I think there's two halves to it: First, a lot of humanity (Western culture in particular) loves the idea of an overcomer/endurer. Sports stars who fail first and then succeed are much more spoken of, revered and acclaimed than those who are great from the start (and when there isn't failure, it's often made up, like the lie that Michael Jordan was "cut" from his high school team). The Academy loves to reward the work of Bruce Dern late in life, partly because it gives Academy members who haven't made it on the level they hoped to a reason to believe that they're just one good role away from similar glory. Seemingly everyone loves the videos of auditioners on shows like American Idol who show up looking like they're going to bomb but end up killing it (of course, if you have a sob story to share on American Idol, all the better!).
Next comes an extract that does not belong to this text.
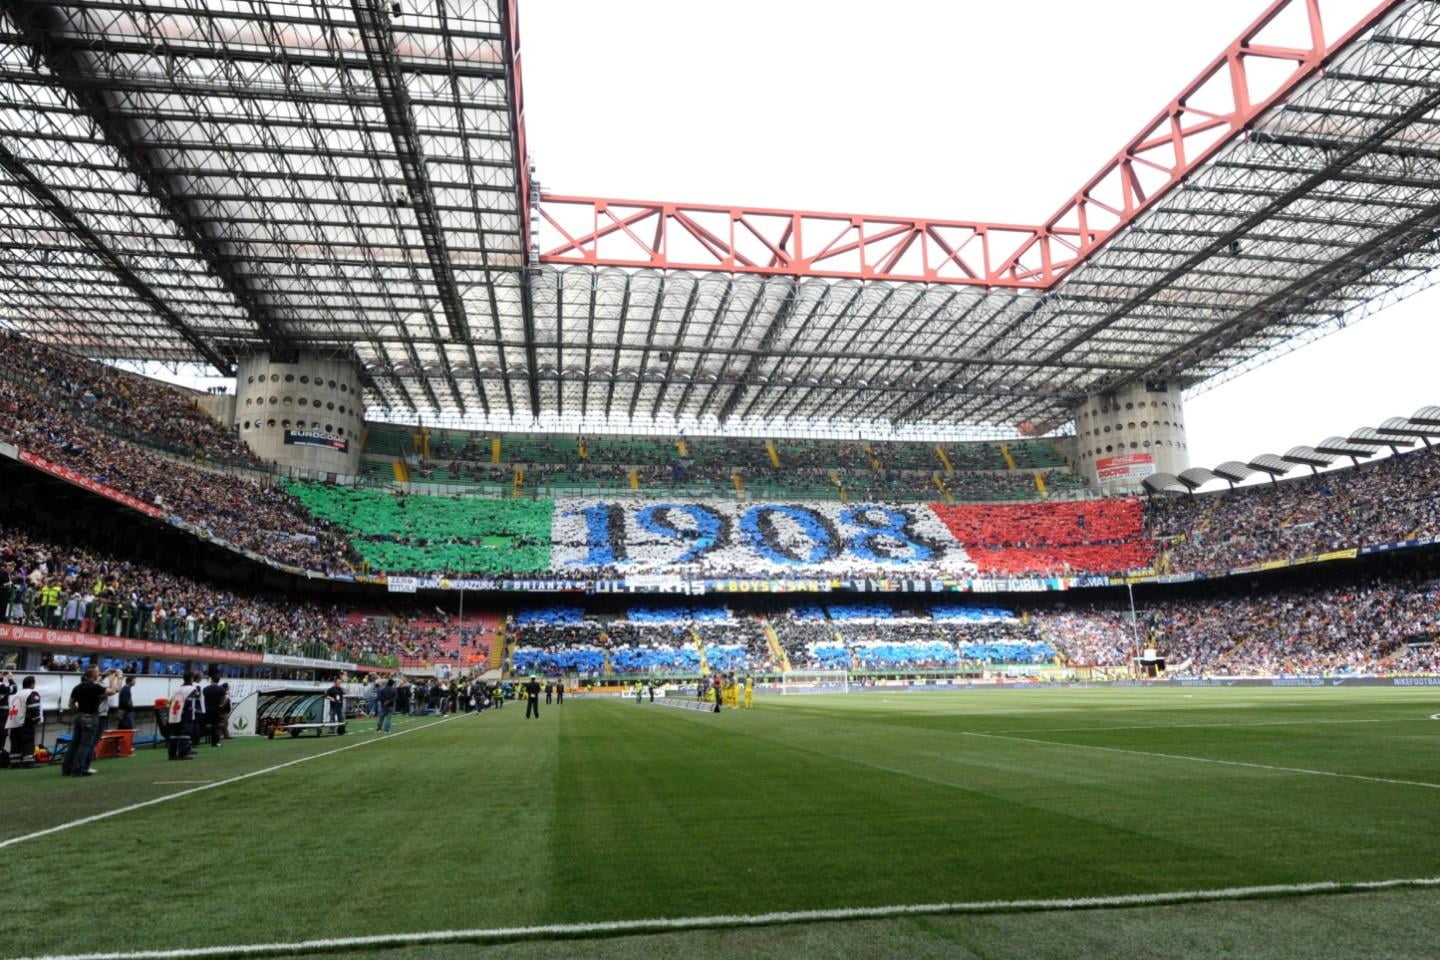 Inter Milan - Empoli FC, 1 januariom 20:45

We disproportionately love the underdog and the idea of redemption.

The second part, of course, is that

JamesKunz wrote:
depressing doesn't necessarily mean better


...but as has been said, people sure seem to think it does. There are depressing movies that are brilliant, certainly, but no move that's brilliant because it's depressing. If something makes us feel heavy and sad, we tend to think that means it's important and good.